Millions of people around the world live within 5 km of living in the vicinity of toxic landfills. This puts them at increased risk of cancer and other serious illnesses.
Although the decontamination of such sites is a public health priority in developed countries, there are many technical challenges in the process. The most problematic is a pair of chlorinated chemicals known as trichlorethylene (TCE) and perchlorate. TCE has been widely used as a degreasing agent, and perchlorate has been used in the production of propellants, injected under gas pressure. Due to the ubiquitous dependence of manufacturers on these chemicals in the past and their improper disposal, they often end up in the environment, posing a significant risk to human health and the surrounding ecosystems.
Biological treatment to remove these highly toxic chemicals, especially when present in mixtures, has long been a challenge for scientists. Chlorinated chemicals are capable of contaminating entire drinking water systems on which both animals and humans depend.
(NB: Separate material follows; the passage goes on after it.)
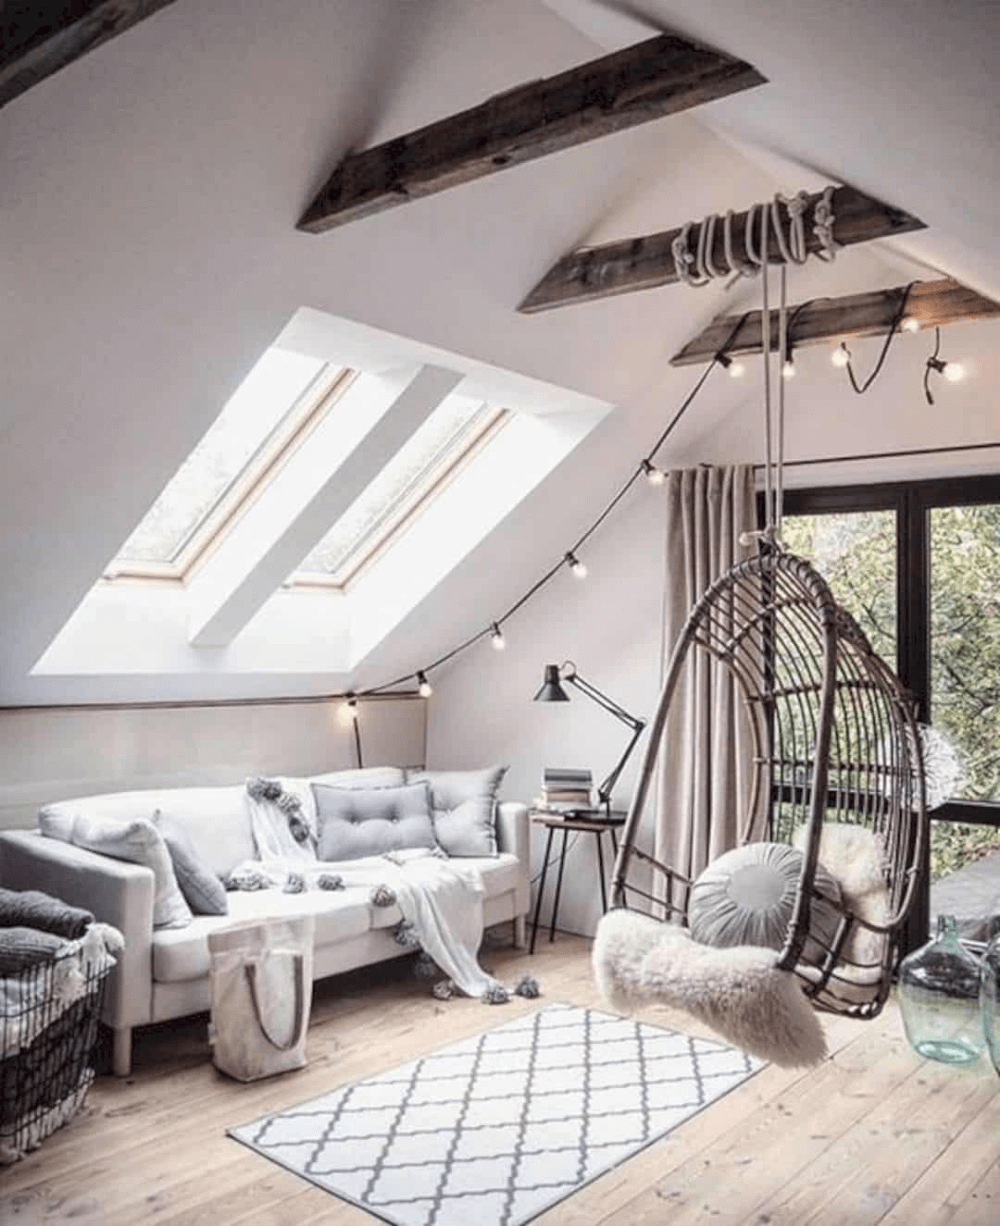 25 Ideas to Decorate An Attic Living Room (1)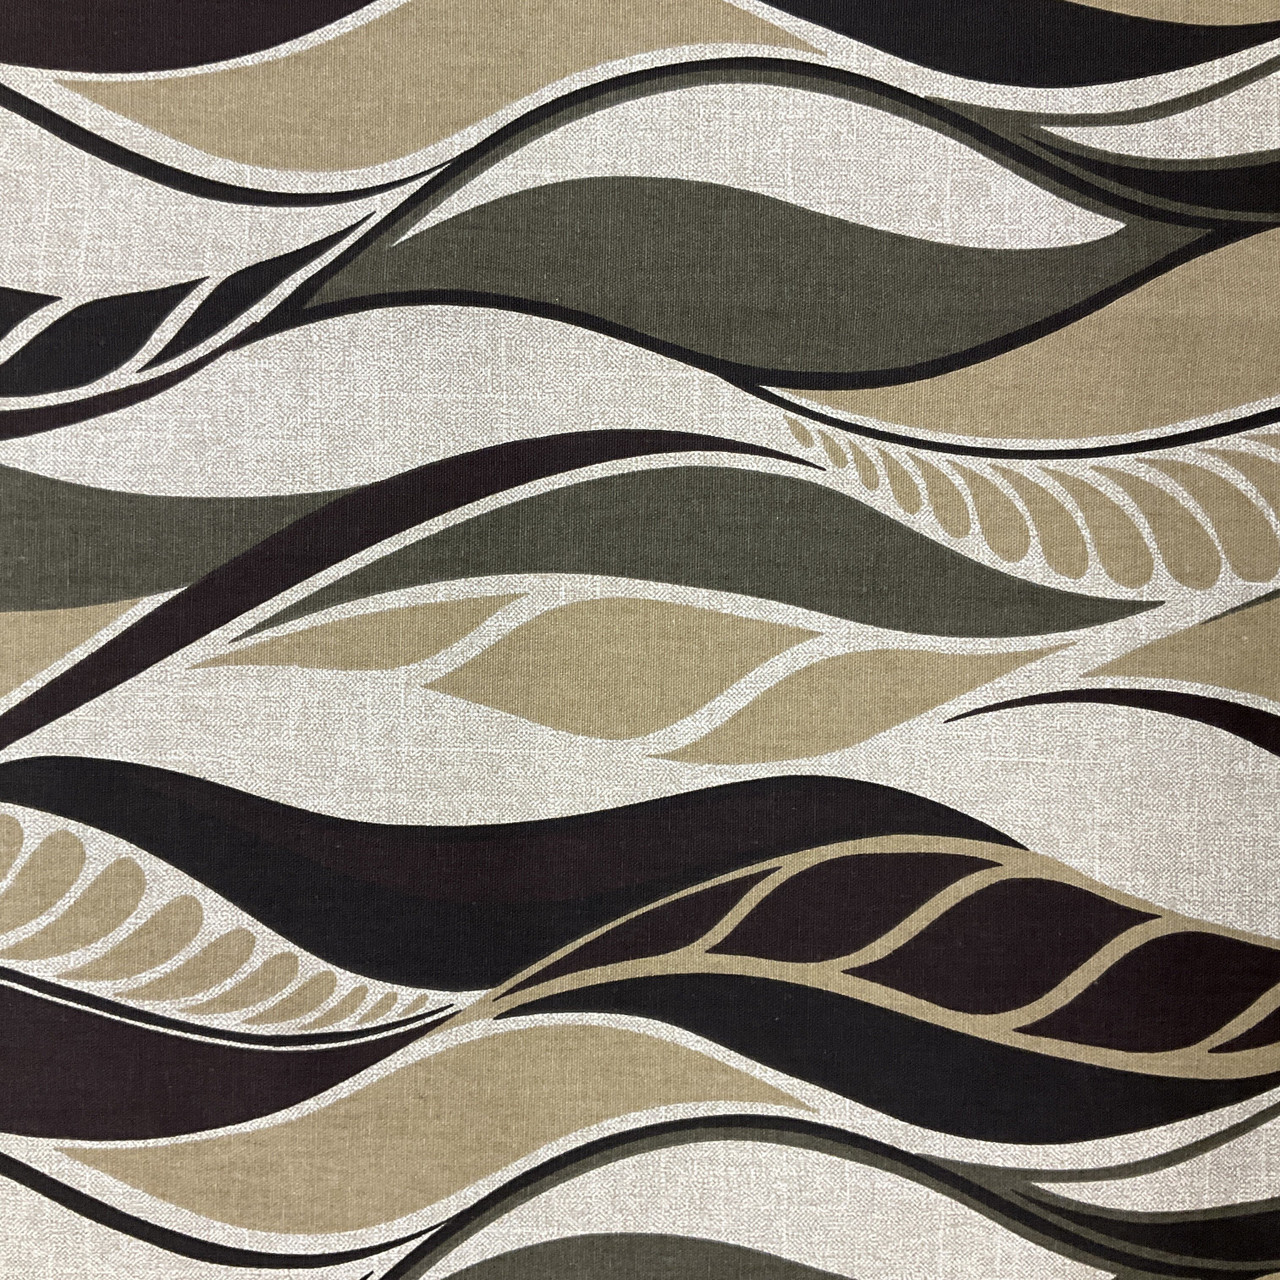 Wavy Leaves in Khaki/Brown/Tan Home Decor Print Fabric, Richloom Screen  Print, Drapery, Lightweight Upholstery, By The Yard

In a new study, experts from the Biodesign Swette Center for Environmental Biotechnology have explored new ways to rid the environment of these toxic chemicals. To do this, the scientists used elemental iron with zero valence (Fe0) in combination with the unusual microbe Dehalococcoides mccartyi. It was added to soil and groundwater samples from a contaminated toxic waste site in Goodyear, Arizona. Previously, the area was used in defense and aerospace production.
It turned out that the bacteria Dehalococcoides work in synergy with iron and effectively convert TCE and perchlorate into less toxic end-products of microbial biodegradation – for example, ethylene (C₂H₄)
The results of the study are paving the way for the use of microbes to combat chlorinated chemical pollution.